Scotti appeared in two episodes of Bonanza, in Gunsmoke (1965–1970), The Man from U.N.C.L.E. (1965 and 1967), The Wild Wild West, Ironside, The Monkees, The Flying Nun, Get Smart, Hogan's Heroes, as one of The Penguin's henchmen in two episodes of Batman, two episodes of The Bionic Woman (1976), and two episodes of The Golden Girls (1988-1989). He played Geppetto in Geppetto's Workshop in the 1980s.
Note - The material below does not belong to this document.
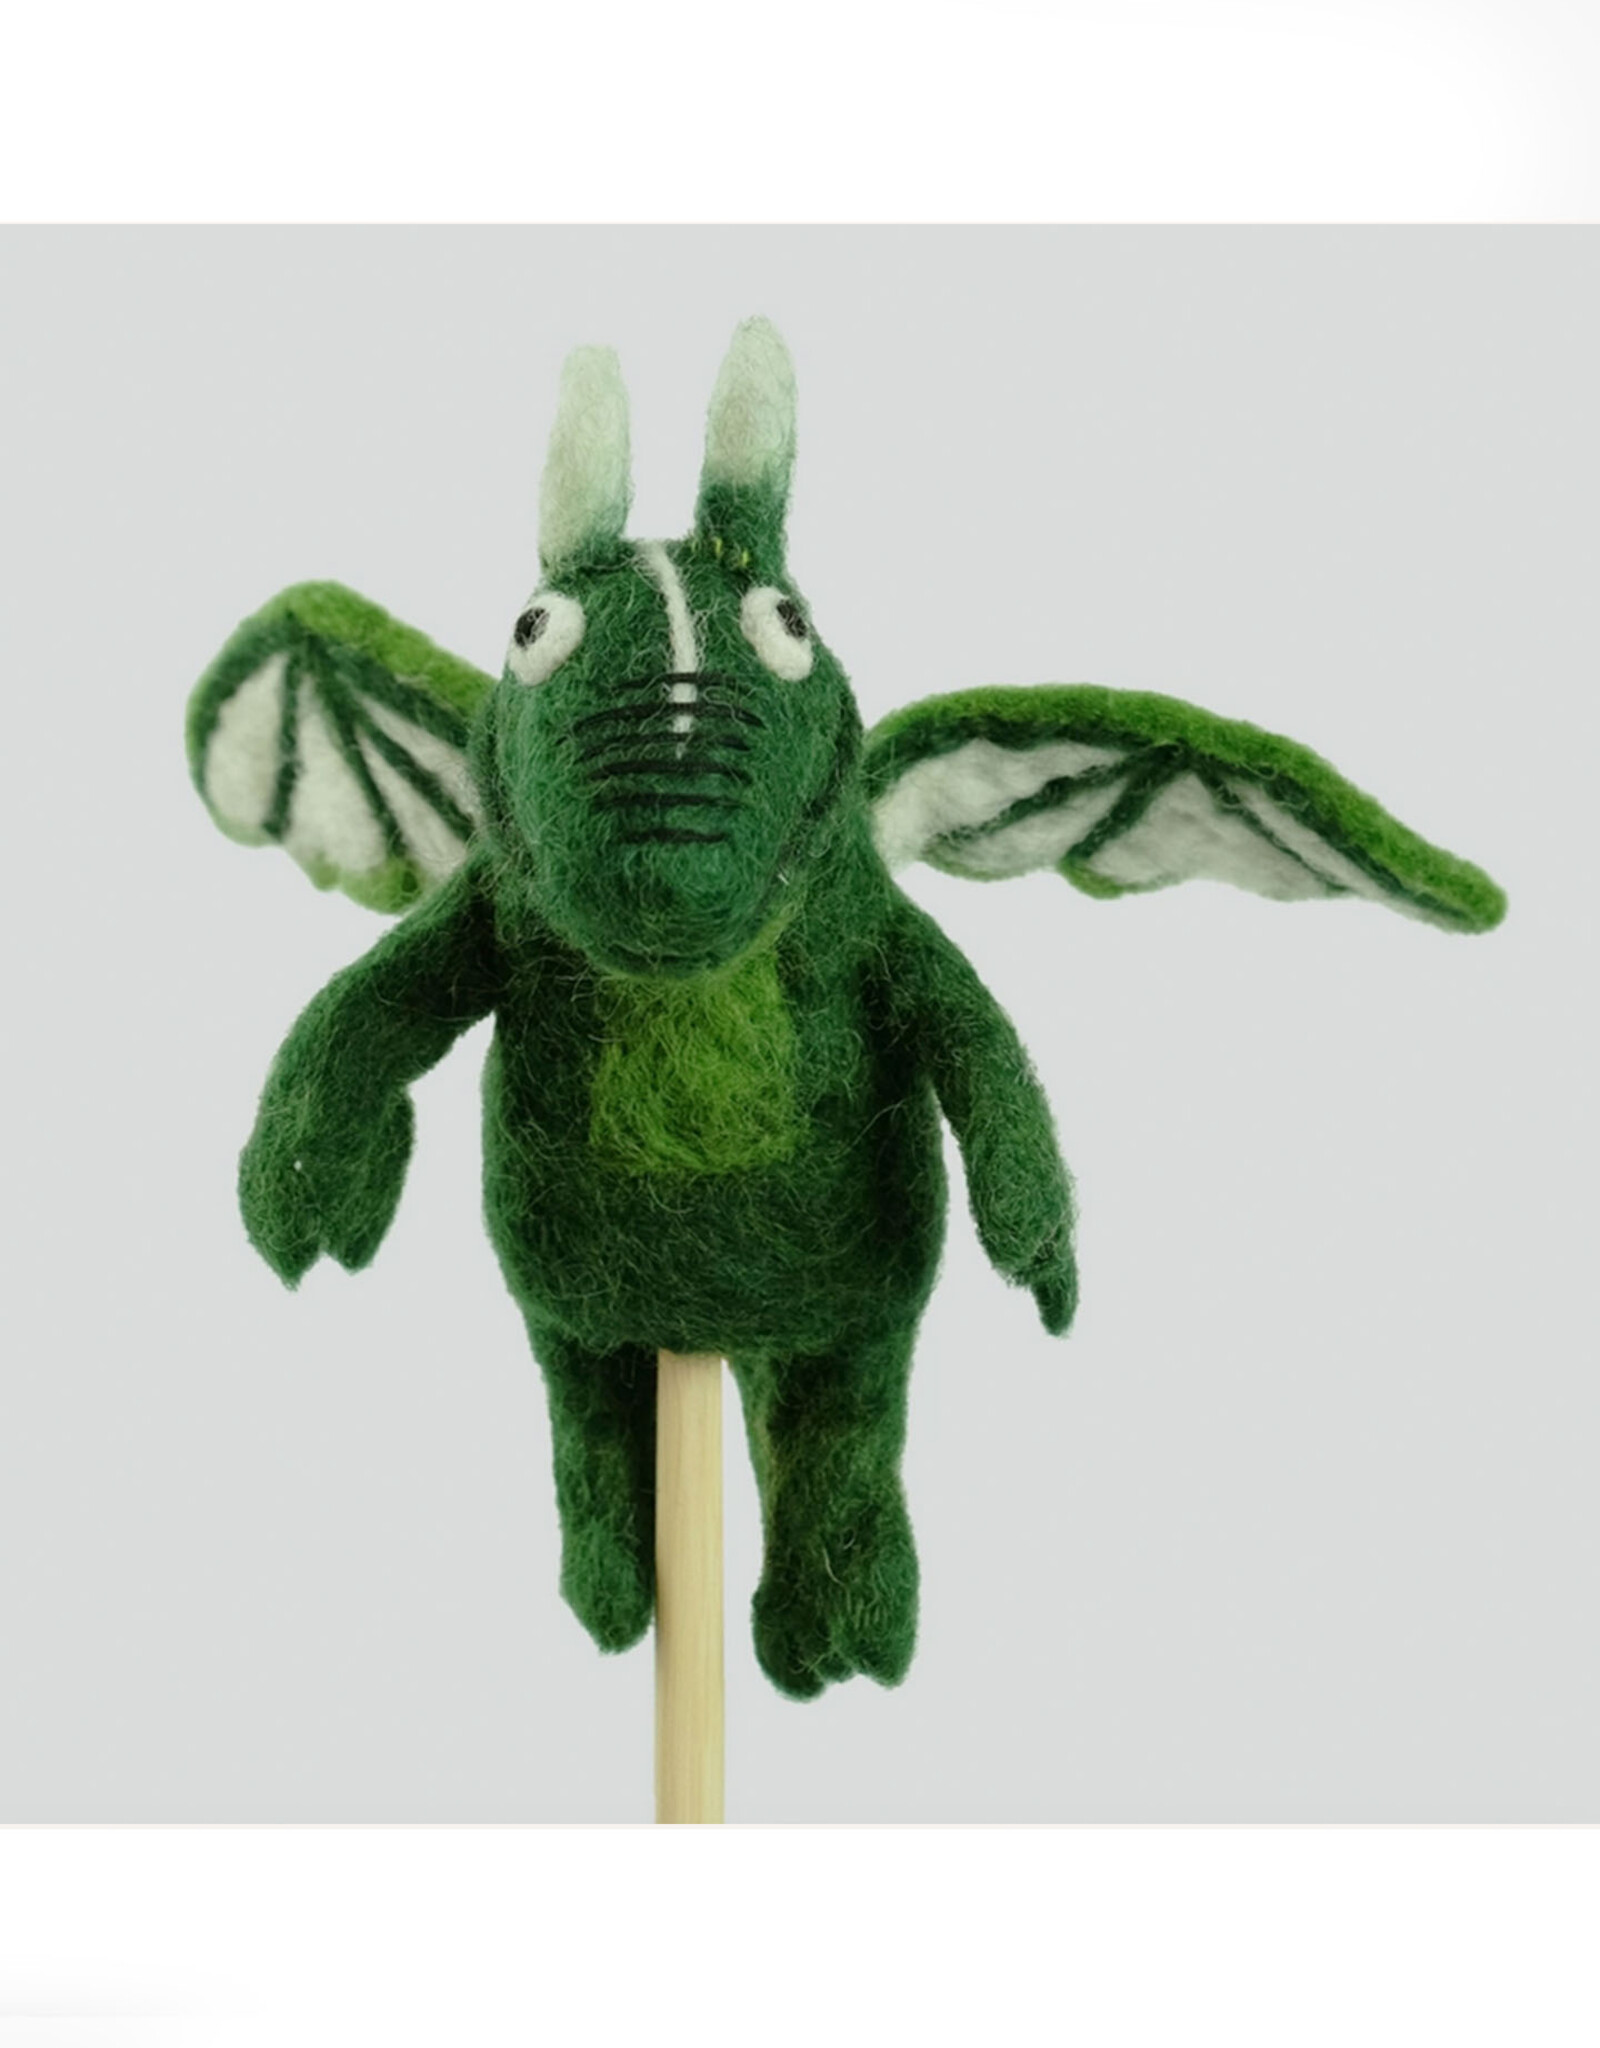 Felt Finger Puppet - Green Dragon

He appeared four times on Gilligan's Island in the 1960s: in season one, episode 15 (1964–65) as a Japanese sailor who did not know World War II was over, later in season one, episode 31, as the same sailor in scenes where Ginger, the skipper, and Mister Howell reflect in diaries on their versions of how a rescue transpired in the above-mentioned episode 15, and twice as Dr. Boris Balinkoff, a mad scientist, in seasons two and three. He appeared in six episodes of Columbo, as a befuddled maître d’, a snobbish clothing store salesman, a soliciting undertaker, an erudite street bum, and a soybean wholesaler, and in one episode as Vito when the series was revived in 1989.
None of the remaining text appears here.